DATASET RECORDS
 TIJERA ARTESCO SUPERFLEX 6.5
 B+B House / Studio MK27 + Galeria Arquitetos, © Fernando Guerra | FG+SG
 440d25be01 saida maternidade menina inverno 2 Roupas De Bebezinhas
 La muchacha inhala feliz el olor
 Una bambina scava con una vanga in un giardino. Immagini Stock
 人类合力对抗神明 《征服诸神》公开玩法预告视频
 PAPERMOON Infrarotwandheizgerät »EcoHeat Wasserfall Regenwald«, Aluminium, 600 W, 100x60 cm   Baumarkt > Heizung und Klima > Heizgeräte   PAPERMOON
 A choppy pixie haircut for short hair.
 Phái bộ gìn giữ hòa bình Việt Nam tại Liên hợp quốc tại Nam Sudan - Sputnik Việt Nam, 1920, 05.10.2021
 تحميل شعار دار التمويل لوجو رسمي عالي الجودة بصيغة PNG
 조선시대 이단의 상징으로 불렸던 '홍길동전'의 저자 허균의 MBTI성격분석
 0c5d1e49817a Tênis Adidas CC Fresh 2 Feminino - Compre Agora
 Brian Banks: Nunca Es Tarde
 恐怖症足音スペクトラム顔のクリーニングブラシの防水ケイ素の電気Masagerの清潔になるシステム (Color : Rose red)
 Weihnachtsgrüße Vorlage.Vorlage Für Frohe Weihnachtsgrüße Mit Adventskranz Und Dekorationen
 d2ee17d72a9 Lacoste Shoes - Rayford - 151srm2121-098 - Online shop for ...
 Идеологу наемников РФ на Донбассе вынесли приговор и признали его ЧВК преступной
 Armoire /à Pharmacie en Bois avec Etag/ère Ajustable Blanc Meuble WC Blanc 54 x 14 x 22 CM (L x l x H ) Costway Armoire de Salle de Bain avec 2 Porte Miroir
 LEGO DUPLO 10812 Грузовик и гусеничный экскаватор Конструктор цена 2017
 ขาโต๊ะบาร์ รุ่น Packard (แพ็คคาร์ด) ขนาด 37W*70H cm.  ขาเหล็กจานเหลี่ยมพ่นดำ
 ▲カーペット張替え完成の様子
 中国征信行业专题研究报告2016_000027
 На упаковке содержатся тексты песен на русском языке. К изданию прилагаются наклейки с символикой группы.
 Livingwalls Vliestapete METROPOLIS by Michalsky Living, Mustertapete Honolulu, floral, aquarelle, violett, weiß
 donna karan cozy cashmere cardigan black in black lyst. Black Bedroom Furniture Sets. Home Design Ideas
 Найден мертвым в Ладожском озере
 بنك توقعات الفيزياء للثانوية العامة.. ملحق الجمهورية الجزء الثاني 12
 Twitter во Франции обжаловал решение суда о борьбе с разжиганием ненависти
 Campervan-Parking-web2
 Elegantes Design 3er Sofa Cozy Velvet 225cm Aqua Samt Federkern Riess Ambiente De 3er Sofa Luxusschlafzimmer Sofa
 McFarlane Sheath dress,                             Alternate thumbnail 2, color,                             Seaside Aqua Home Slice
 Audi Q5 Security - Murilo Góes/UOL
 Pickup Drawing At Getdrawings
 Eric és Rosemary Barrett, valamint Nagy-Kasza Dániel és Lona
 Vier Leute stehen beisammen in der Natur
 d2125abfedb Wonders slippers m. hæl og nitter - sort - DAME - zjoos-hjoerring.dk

WHAT THIS TASK INVOLVES
Using the records above, set down exactly the lines from the one with "0c5d1e49817a Tênis Adidas" through the one with "Elegantes Design 3er", inclusive, and nothing more.

ANSWER SPACE
 0c5d1e49817a Tênis Adidas CC Fresh 2 Feminino - Compre Agora
 Brian Banks: Nunca Es Tarde
 恐怖症足音スペクトラム顔のクリーニングブラシの防水ケイ素の電気Masagerの清潔になるシステム (Color : Rose red)
 Weihnachtsgrüße Vorlage.Vorlage Für Frohe Weihnachtsgrüße Mit Adventskranz Und Dekorationen
 d2ee17d72a9 Lacoste Shoes - Rayford - 151srm2121-098 - Online shop for ...
 Идеологу наемников РФ на Донбассе вынесли приговор и признали его ЧВК преступной
 Armoire /à Pharmacie en Bois avec Etag/ère Ajustable Blanc Meuble WC Blanc 54 x 14 x 22 CM (L x l x H ) Costway Armoire de Salle de Bain avec 2 Porte Miroir
 LEGO DUPLO 10812 Грузовик и гусеничный экскаватор Конструктор цена 2017
 ขาโต๊ะบาร์ รุ่น Packard (แพ็คคาร์ด) ขนาด 37W*70H cm.  ขาเหล็กจานเหลี่ยมพ่นดำ
 ▲カーペット張替え完成の様子
 中国征信行业专题研究报告2016_000027
 На упаковке содержатся тексты песен на русском языке. К изданию прилагаются наклейки с символикой группы.
 Livingwalls Vliestapete METROPOLIS by Michalsky Living, Mustertapete Honolulu, floral, aquarelle, violett, weiß
 donna karan cozy cashmere cardigan black in black lyst. Black Bedroom Furniture Sets. Home Design Ideas
 Найден мертвым в Ладожском озере
 بنك توقعات الفيزياء للثانوية العامة.. ملحق الجمهورية الجزء الثاني 12
 Twitter во Франции обжаловал решение суда о борьбе с разжиганием ненависти
 Campervan-Parking-web2
 Elegantes Design 3er Sofa Cozy Velvet 225cm Aqua Samt Federkern Riess Ambiente De 3er Sofa Luxusschlafzimmer Sofa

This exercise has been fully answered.